Returns a boolean column indicating if the input arrays have common non-null elements. Returns true if they do, null if the arrays do not contain any common elements but are not empty and at least one of them contains a null element, and false otherwise.

Syntax

from pyspark.sql import functions as sf

sf.arrays_overlap(a1, a2)

Parameters

Parameter Type Description
a1 pyspark.sql.Column or str The name of the column that contains the first array.
a2 pyspark.sql.Column or str The name of the column that contains the second array.

Returns

pyspark.sql.Column: A new Column of Boolean type, where each value indicates whether the corresponding arrays from the input columns contain any common elements.

Examples

Example 1: Basic usage of arrays_overlap function.

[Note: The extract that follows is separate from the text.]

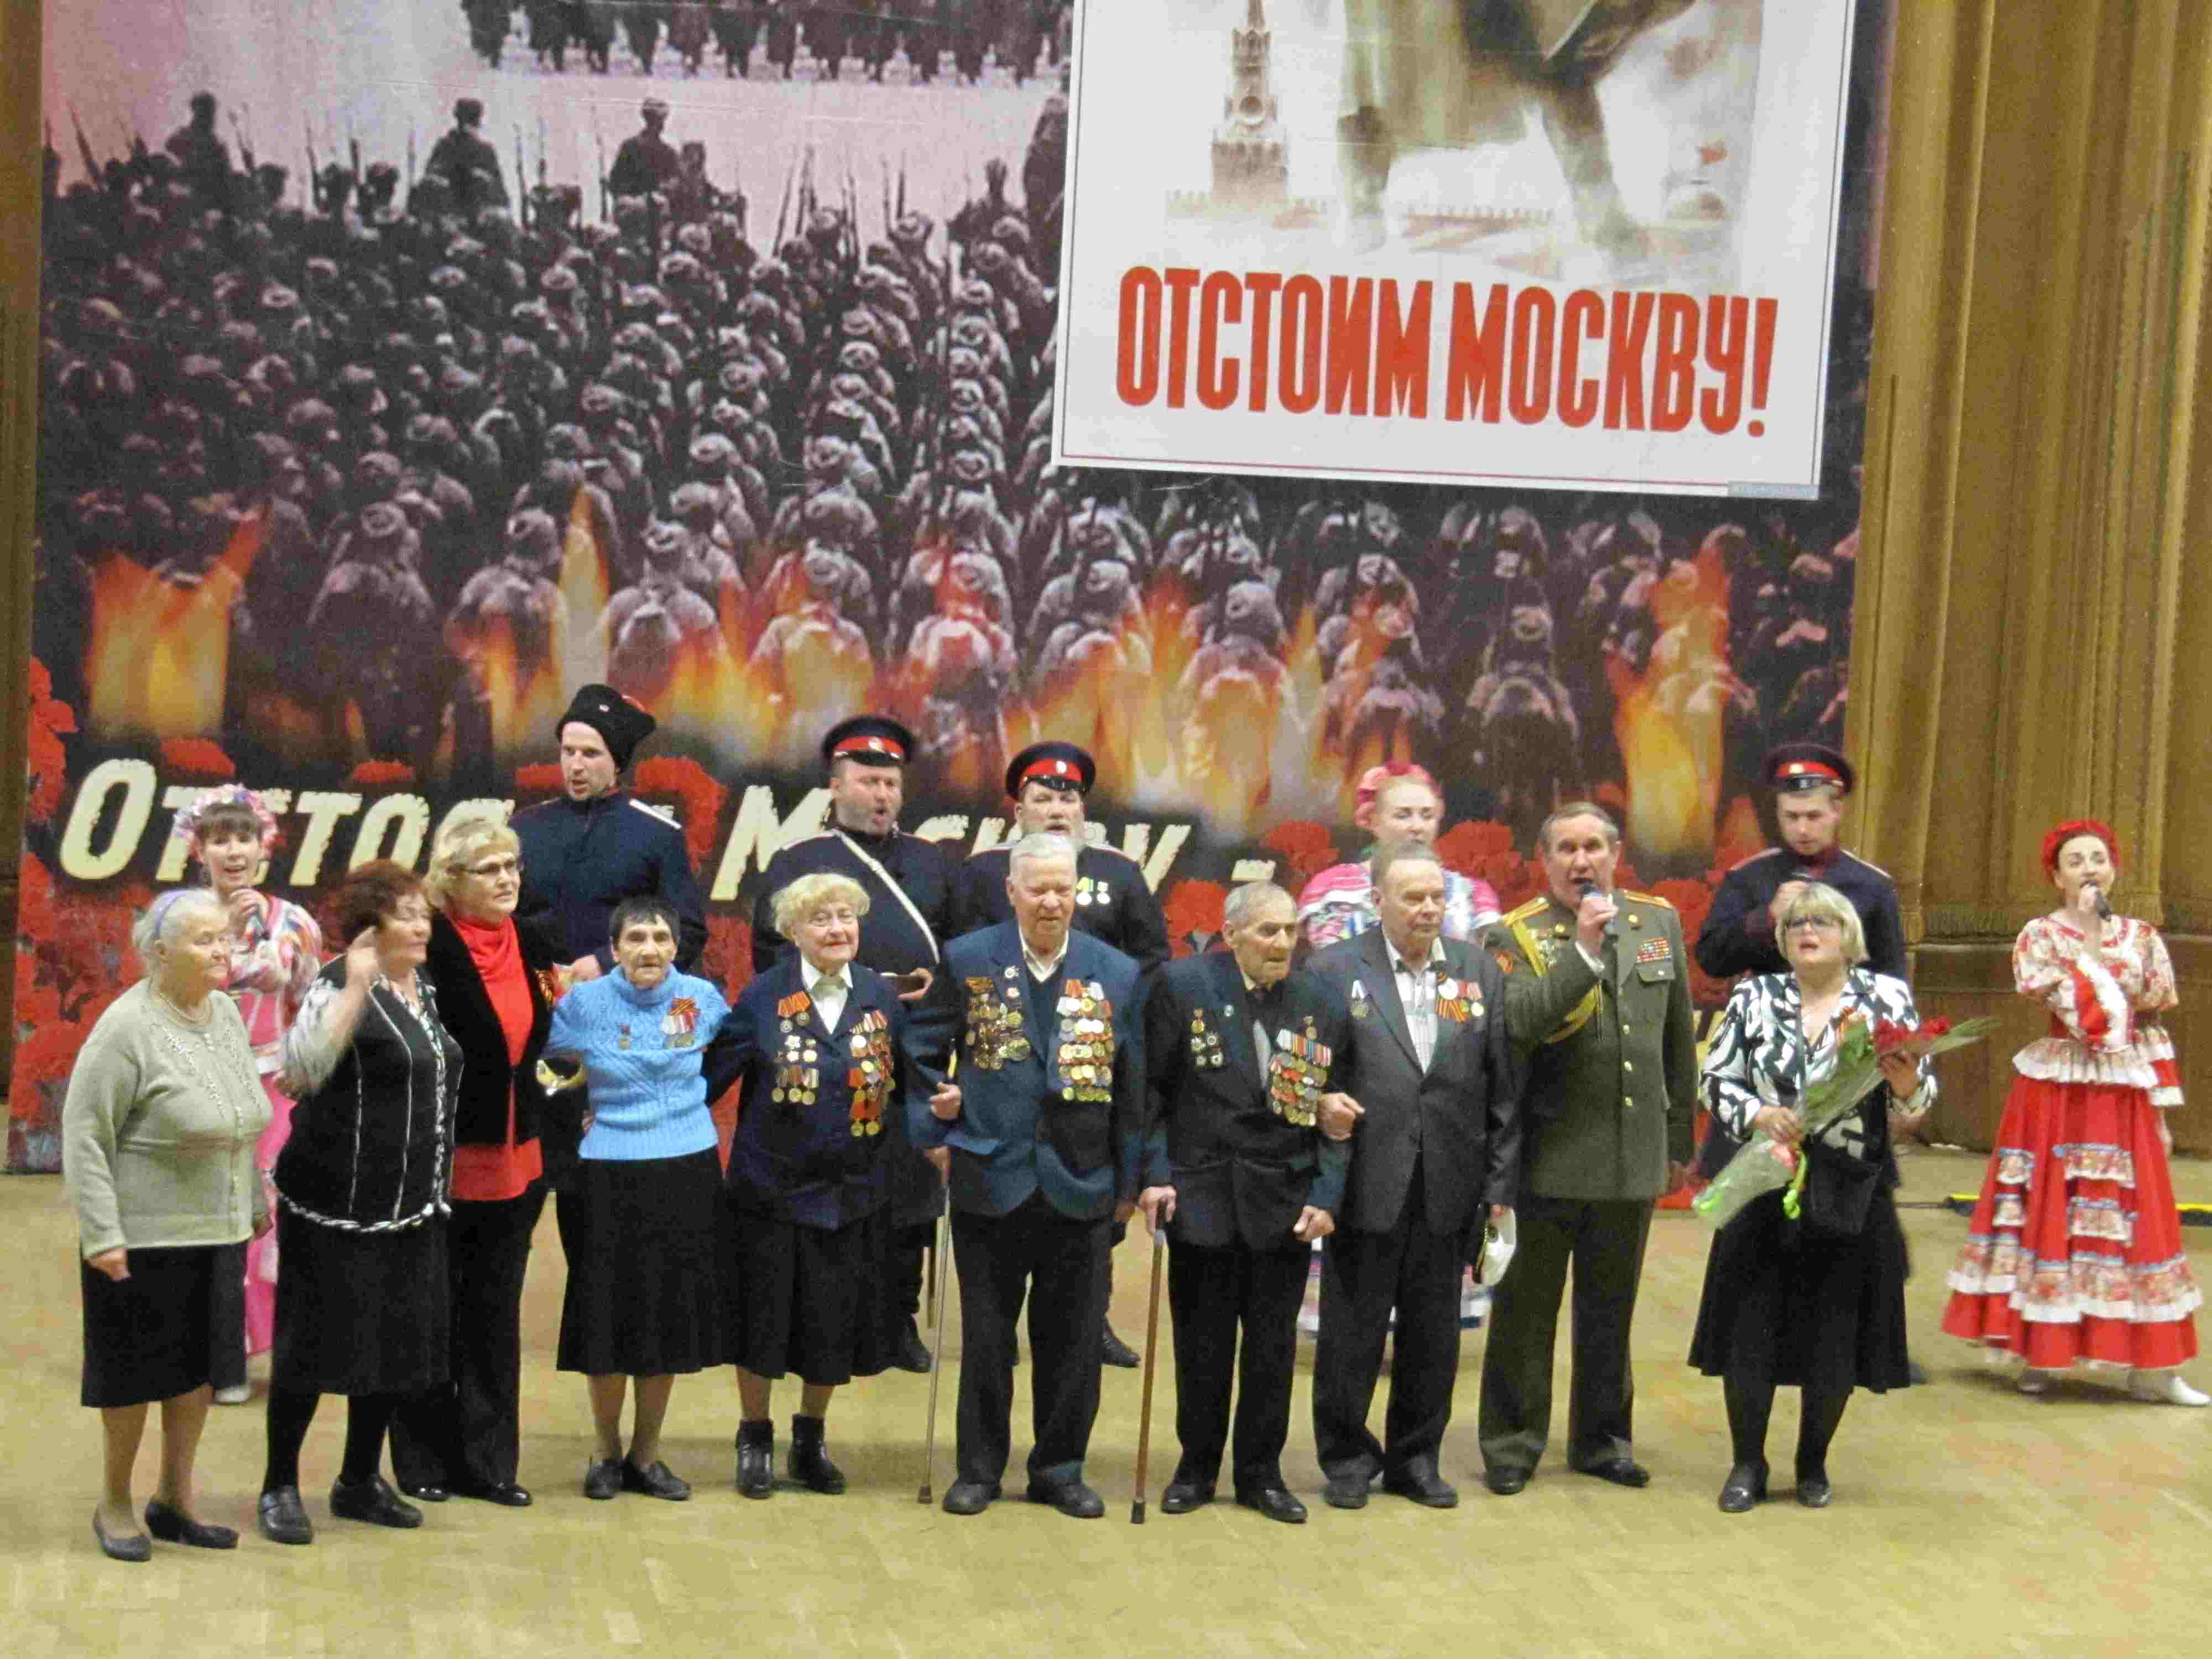 7 мая 2017 года члены МРО Новокосино посетили театр Моссовета

from pyspark.sql import functions as sf
df = spark.createDataFrame([(["a", "b"], ["b", "c"]), (["a"], ["b", "c"])], ['x', 'y'])
df.select(sf.arrays_overlap(df.x, df.y)).show()
+--------------------+
|arrays_overlap(x, y)|
+--------------------+
|                true|
|               false|
+--------------------+

Example 2: Usage of arrays_overlap function with arrays containing null elements.

from pyspark.sql import functions as sf
df = spark.createDataFrame([(["a", None], ["b", None]), (["a"], ["b", "c"])], ['x', 'y'])
df.select(sf.arrays_overlap(df.x, df.y)).show()
+--------------------+
|arrays_overlap(x, y)|
+--------------------+
|                NULL|
|               false|
+--------------------+

Example 3: Usage of arrays_overlap function with arrays that are null.

from pyspark.sql import functions as sf
df = spark.createDataFrame([(None, ["b", "c"]), (["a"], None)], ['x', 'y'])
df.select(sf.arrays_overlap(df.x, df.y)).show()
+--------------------+
|arrays_overlap(x, y)|
+--------------------+
|                NULL|
|                NULL|
+--------------------+

Example 4: Usage of arrays_overlap on arrays with identical elements.

from pyspark.sql import functions as sf
df = spark.createDataFrame([(["a", "b"], ["a", "b"]), (["a"], ["a"])], ['x', 'y'])
df.select(sf.arrays_overlap(df.x, df.y)).show()
+--------------------+
|arrays_overlap(x, y)|
+--------------------+
|                true|
|                true|
+--------------------+